* Study material *

• • •

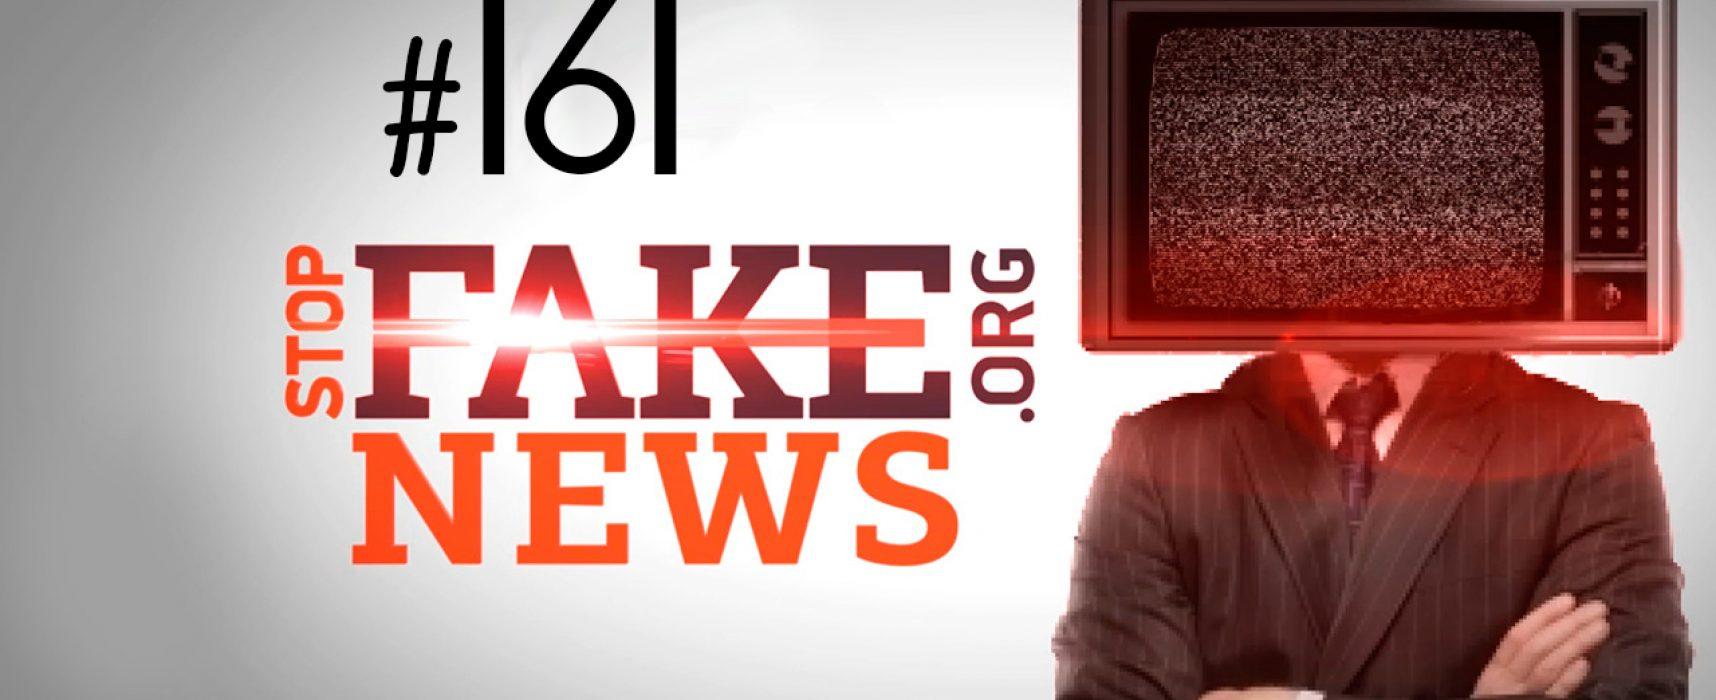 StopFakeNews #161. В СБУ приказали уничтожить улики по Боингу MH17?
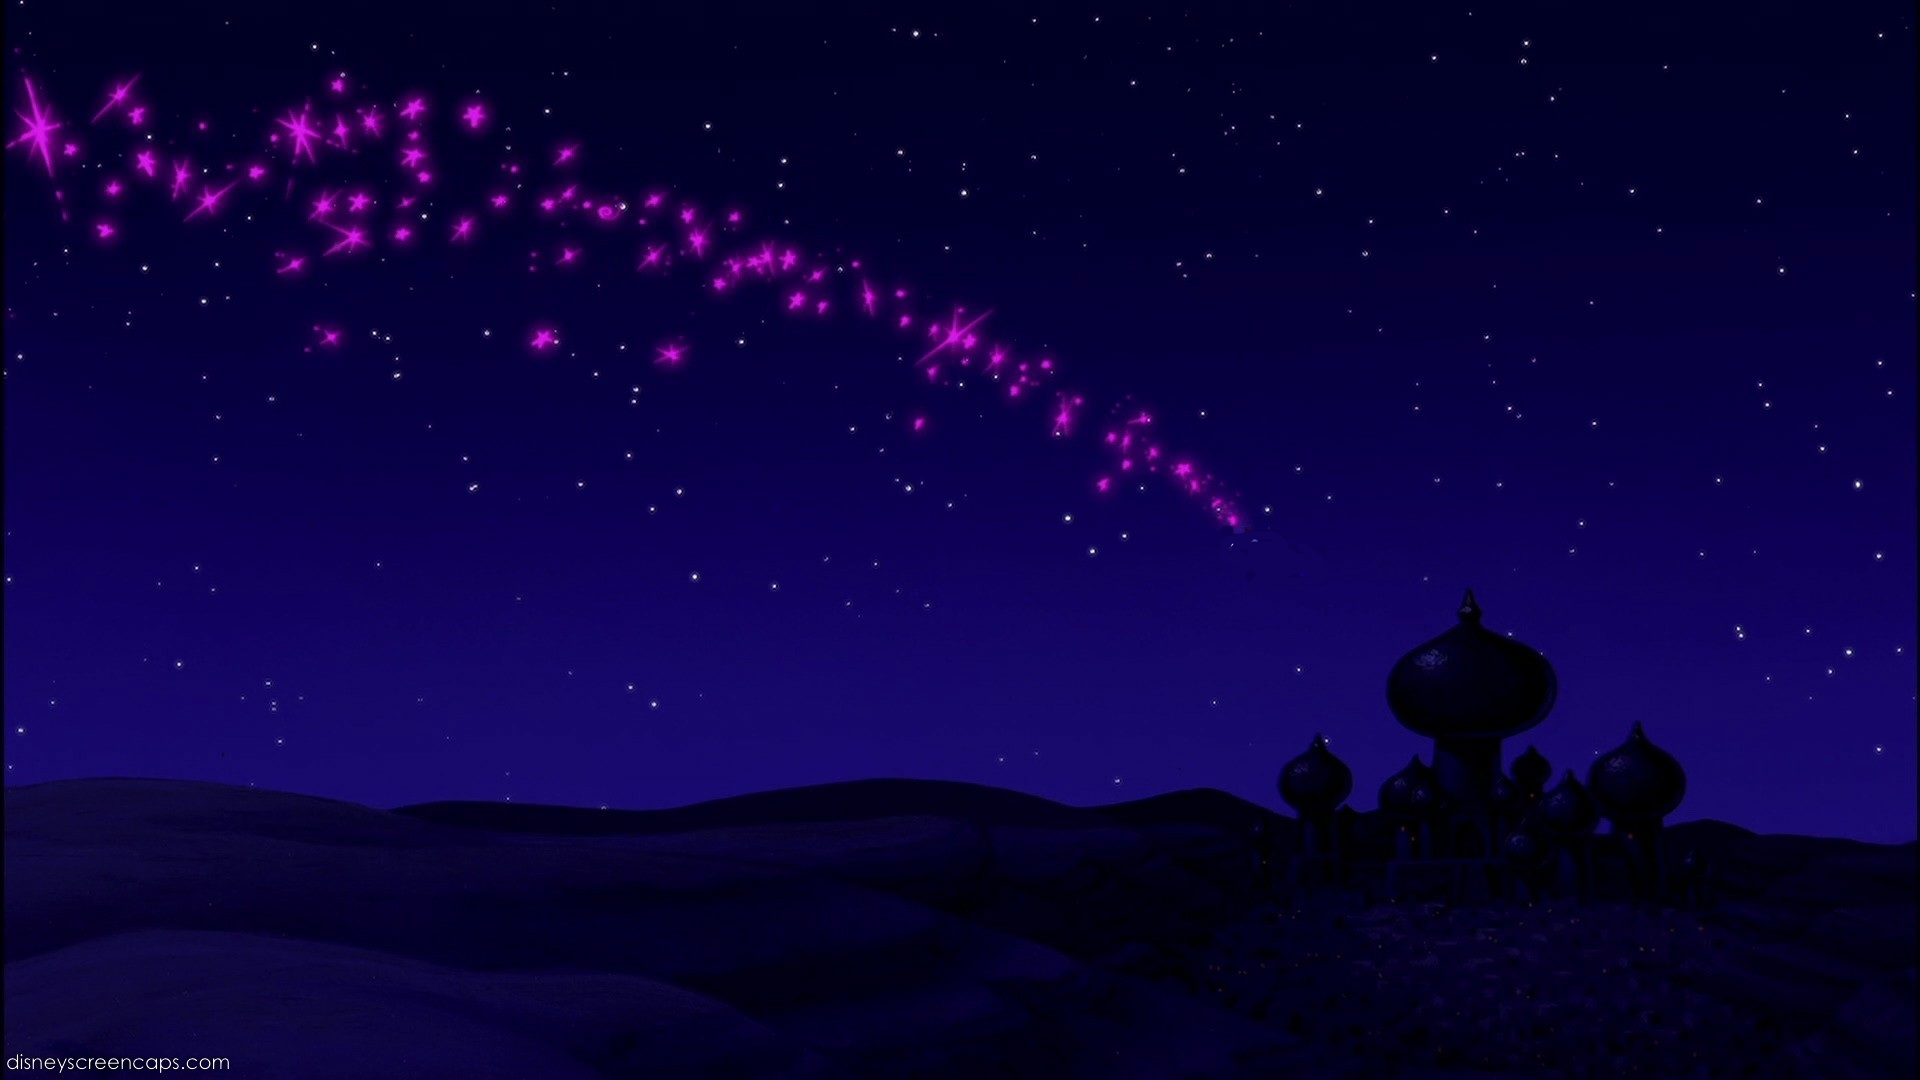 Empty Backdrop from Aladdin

• • •

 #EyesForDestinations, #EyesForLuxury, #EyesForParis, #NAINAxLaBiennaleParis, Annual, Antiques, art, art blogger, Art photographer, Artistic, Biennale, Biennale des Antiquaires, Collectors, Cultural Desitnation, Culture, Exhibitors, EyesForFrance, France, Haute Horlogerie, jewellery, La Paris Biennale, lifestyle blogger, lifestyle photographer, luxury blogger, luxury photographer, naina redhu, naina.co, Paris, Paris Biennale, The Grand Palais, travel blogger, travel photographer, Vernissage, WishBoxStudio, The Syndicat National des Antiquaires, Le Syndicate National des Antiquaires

• • •

* Requirement *
Going back to the data above, write out everything from the line with "StopFakeNews #161. В" down to the line with "Empty Backdrop from Aladdin", both included, leaving every picture out.

* Output of the task *
 StopFakeNews #161. В СБУ приказали уничтожить улики по Боингу MH17?
 Empty Backdrop from Aladdin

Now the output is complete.